ObservabilityOperators need traces for GPU utilization, fabric health, thermals, failures, scheduling, and cost efficiency.
Security controlsAgentic AI infrastructure should separate tenants, protect data, and enforce trusted execution boundaries.

Performance themes

Built for training, inference, and reasoning at scale.

The Vera Rubin NVL72 positioning emphasizes efficiency across both model creation and model serving. The same AI factory may need to pretrain large models, fine-tune specialized systems, generate synthetic data, run evaluators, and serve agentic applications with strict latency targets.

  • Large-model training with high GPU utilization and scale-up bandwidth.
  • Inference fleets for language, vision, multimodal, retrieval, and reasoning services.
  • Agentic AI workloads that call tools, coordinate memory, evaluate plans, and execute workflows.

Deployment path

How teams turn rack-scale hardware into an AI factory.

  1. 01 Plan power and cooling

    Validate rack density, liquid cooling loops, redundancy, facility constraints, and service access.

  2. 02 Design the fabric

    Map scale-up domains, scale-out networks, storage lanes, management paths, and security zones.

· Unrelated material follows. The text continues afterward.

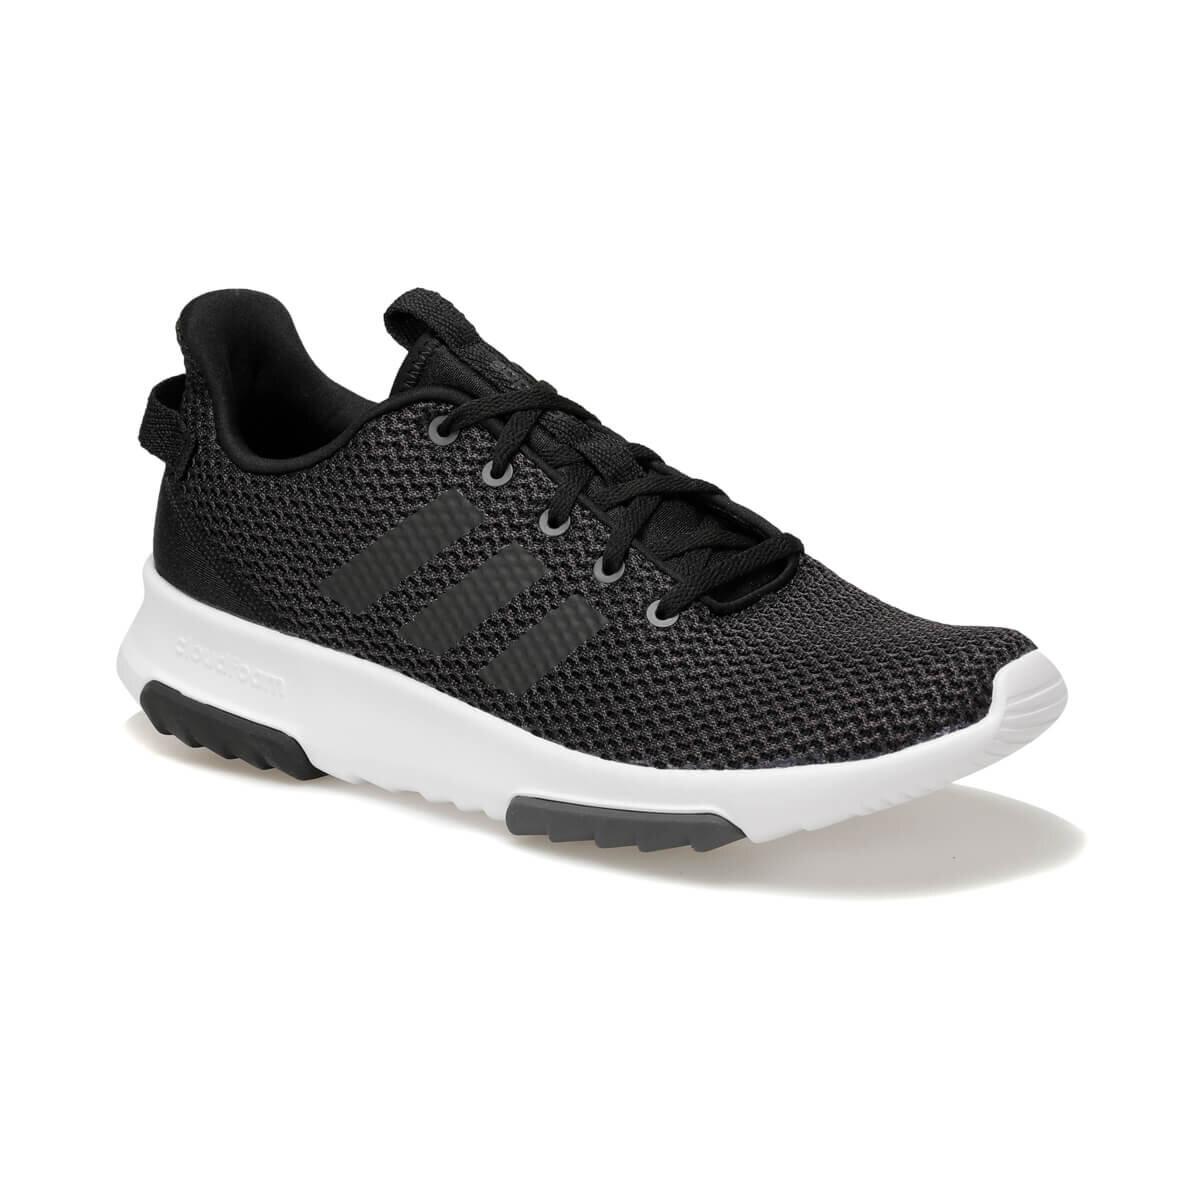 CF RACER TR Siyah Erkek Koşu Ayakkabısı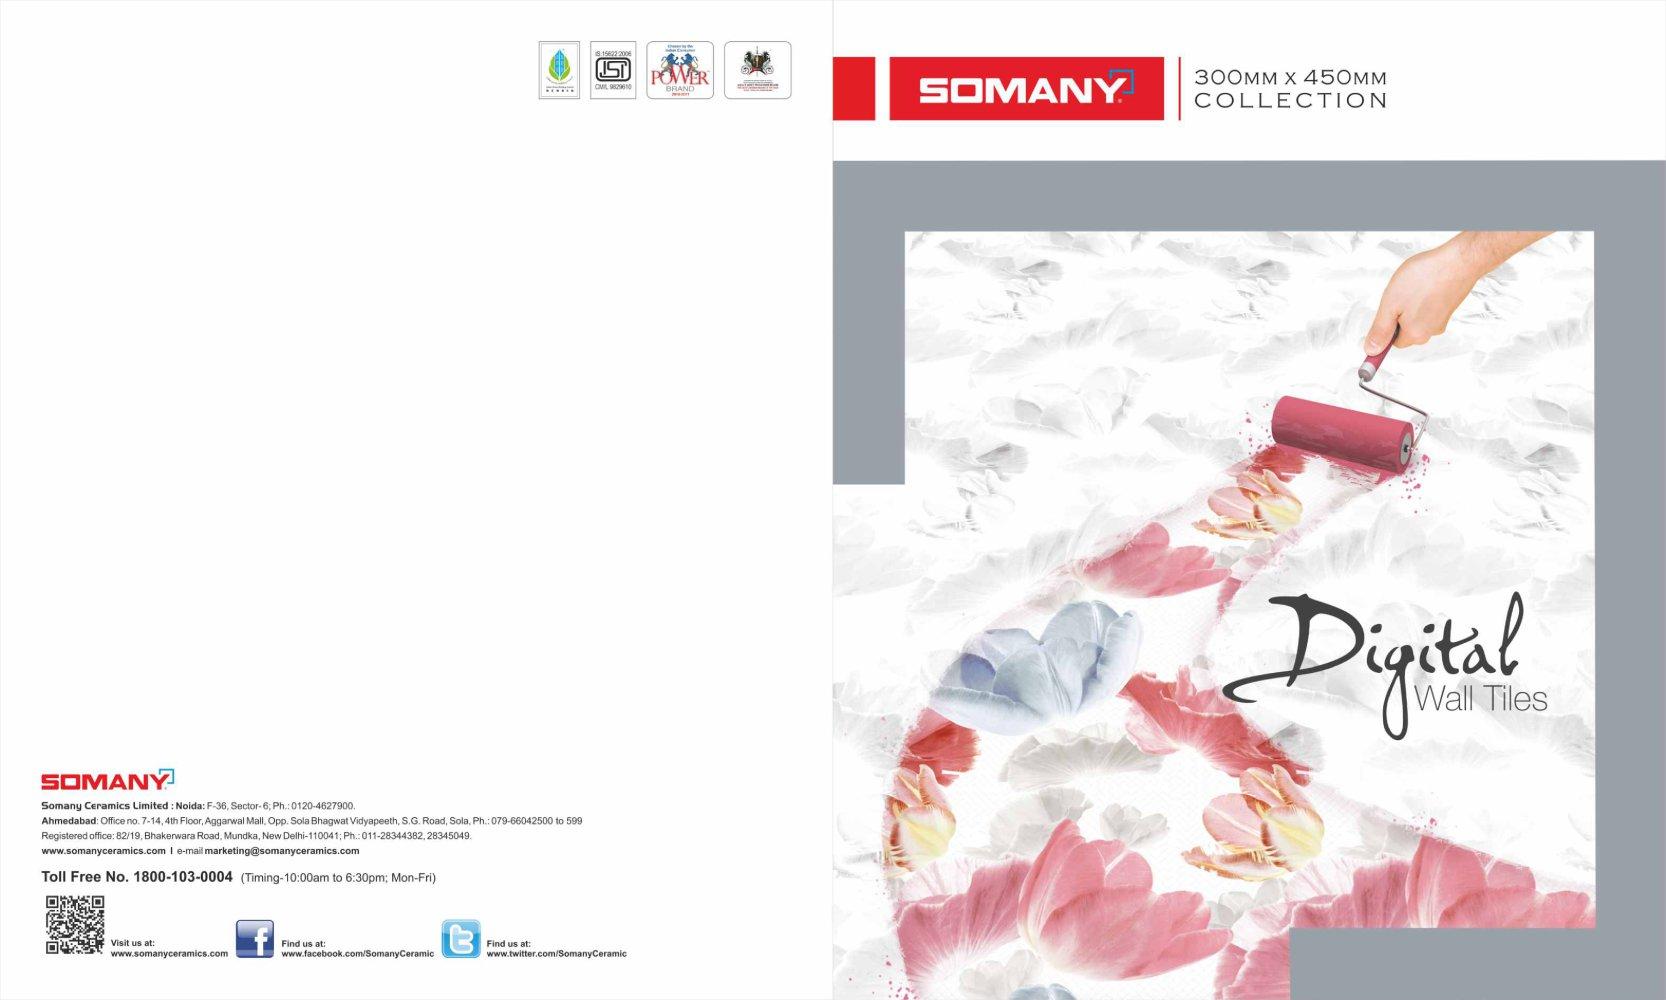 Digital Wall Tiles 300x450mm Somany Ceramics Ltd Pdf Catalogues

  3. 03 Build the software layer

    Deploy schedulers, containers, drivers, telemetry, model pipelines, evaluation suites, and inference stacks.

  4. 04 Operate continuously

    Monitor utilization, latency, faults, thermal margins, costs, model quality, and agentic workflow safety.

AI factory guide

Vera Rubin as a platform story, not just a chip story.

The strongest interpretation of Vera Rubin NVL72 is a full-stack system: accelerators, CPUs, NVLink, networking, DPUs, switches, software, operations, and data-center design all supporting the same goal of efficient AI production.

Rubin GPUs, Vera CPUs, NVLink, networking, cooling, and software for rack-scale agentic AI.

FAQ

Vera Rubin NVL72 questions

What is Vera Rubin NVL72?

Vera Rubin NVL72 is presented here as a rack-scale NVIDIA AI supercomputer platform concept combining Rubin GPUs, Vera CPUs, NVLink-scale communication, accelerated networking, liquid cooling, and AI factory operations.

What keywords does this page target?

The page targets Vera Rubin, NVIDIA Vera Rubin NVL72, Rubin GPU, Vera CPU, NVL72, rack-scale AI supercomputer, agentic AI, AI factory, NVLink 6, ConnectX-9, BlueField-4, Spectrum-X, AI training, and AI inference.

Why does rack-scale design matter?

Rack-scale design matters because modern AI workloads are limited by communication, memory movement, thermal density, scheduling, networking, and operations as much as by individual accelerator performance.